Originally Posted by
Gannon
Mbshan,
You didn't say what TYPE of Sony television you have, but since you describe the optic block I know it is a rear projection L-COS [[or Sony's term SXRD to JVC's D-ILA).
These have other periodic maintenance issues which you probably weren't told when you purchased the set...they require a bulb and a filter in the air cooling path roughly every two years. Some bulbs are rated for longer, and most don't just fail...they get progressively dimmer and off-colored.
Most dealers didn't talk about this, because it would've cost them sales...or their salesforce wasn't even informed they were necessary to the design of the sets.
If the air filter gets clogged, the bulbs super-heat...and actually toast the imager, or in this case the optic block. I'm not sure why, but with Sonys it shows up most often in the blue...Sala Thai's Sony Front Projector had a similar problem...all bars and restaurants that had heavy cigarette smoke do, too. This will be one positive outcome of the no-smoking laws, but I digress.
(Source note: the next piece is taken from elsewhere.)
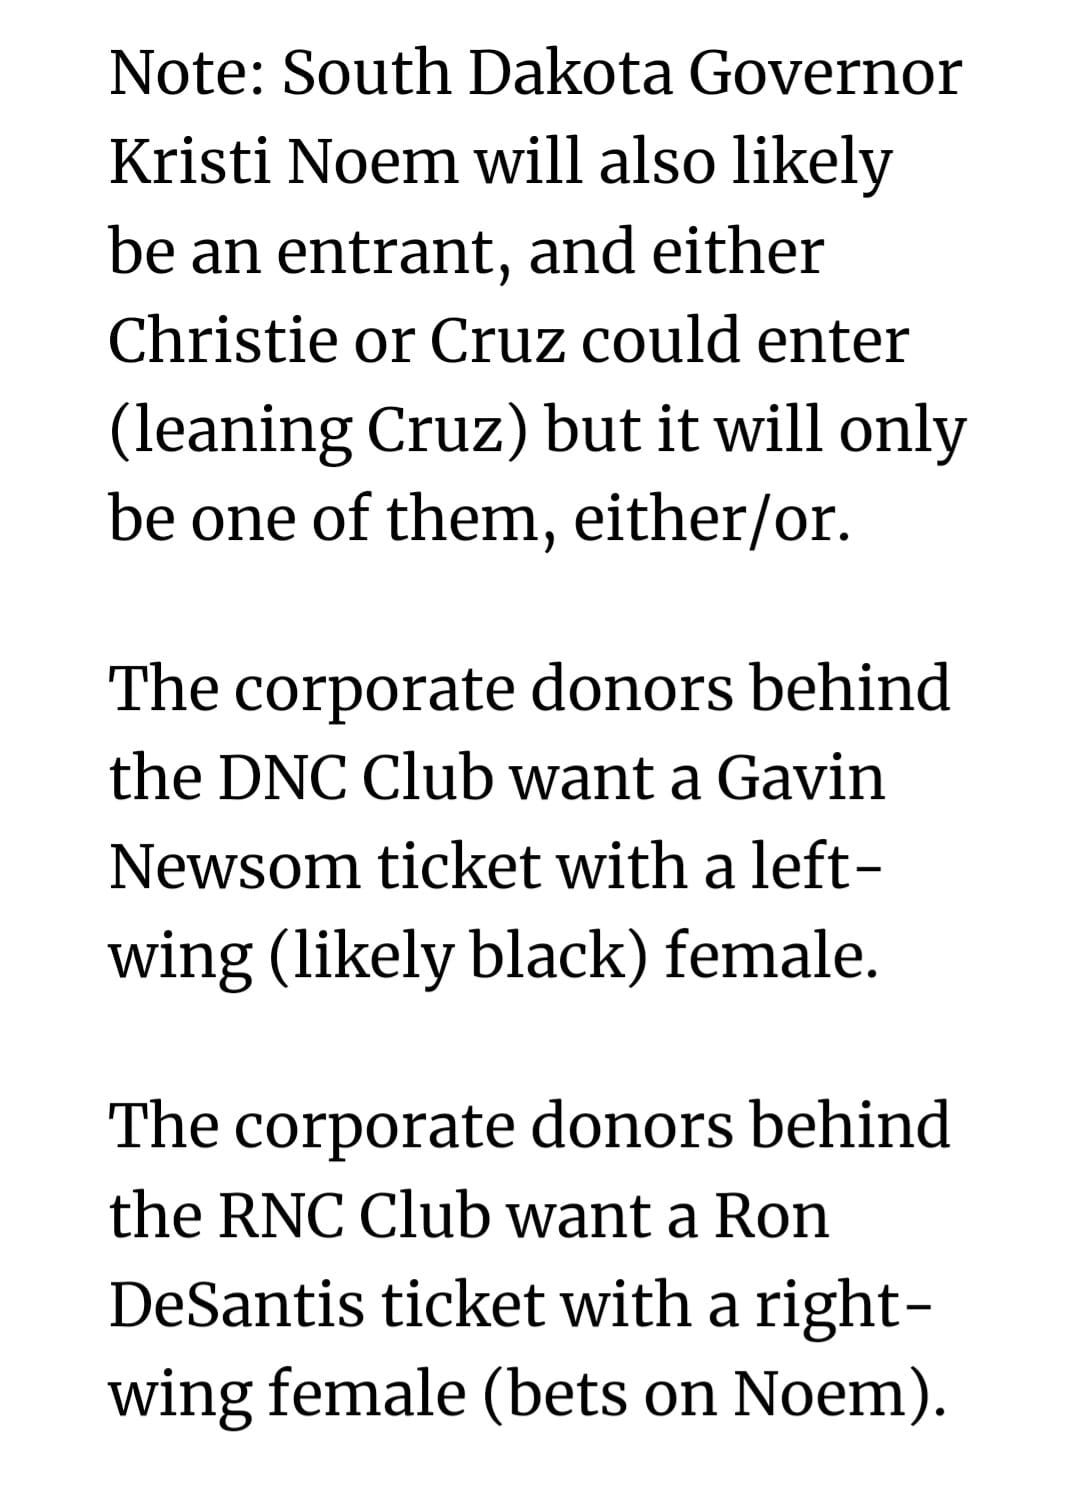 May be an image of text that says 'Note: South Dakota Governor Kristi Noem will also likely be an entrant, and either Christie or Cruz could enter (leaning Cruz) but it will only be one of them, either/or. The corporate donors behind the DNC Club want a Gavin Newsom ticket with a left- wing (likely black) female. The corporate donors behind the RNC Club want a Ron DeSantis ticket with a right- wing female (bets on Noem).'

All fixed-pixel video displays have trouble in some ways as they approach black...but since most televisions are not adjusted properly for residential use out-of-the-box, the blacks are usually only dark gray, enough to mask the issues sometimes.
Any set that uses bulbs for their source illumination will cost anywhere from $200 to $500 every other year, to keep them in peak performance and color accuracy. Plasmas and LCD flatscreens don't suffer this, and LCDs benefit from a MUCH lower cost of operation.
Leaders in that format include Sharp, Sony, and Samsung. I'm most fond of Sharp. Panasonic still markets plasmas in the 50" range, and makes the absolute best ones, they won that market when it collapsed...a combination of increasingly-quality LCDs and the world-wide real estate market collapse [[because each successive-generation of screens seemed to require a new factory, oddly enough). Even Pioneer stopped making them, and resells a rebadged Panasonic, as far as I know.
Cheers, I'm still watching CRTs...the old-school television technology...because it is the best on the way to absolute black, and is easier on the eyes for longterm viewing. Shame you can't get them any longer...except on the used market, unless you are in the government.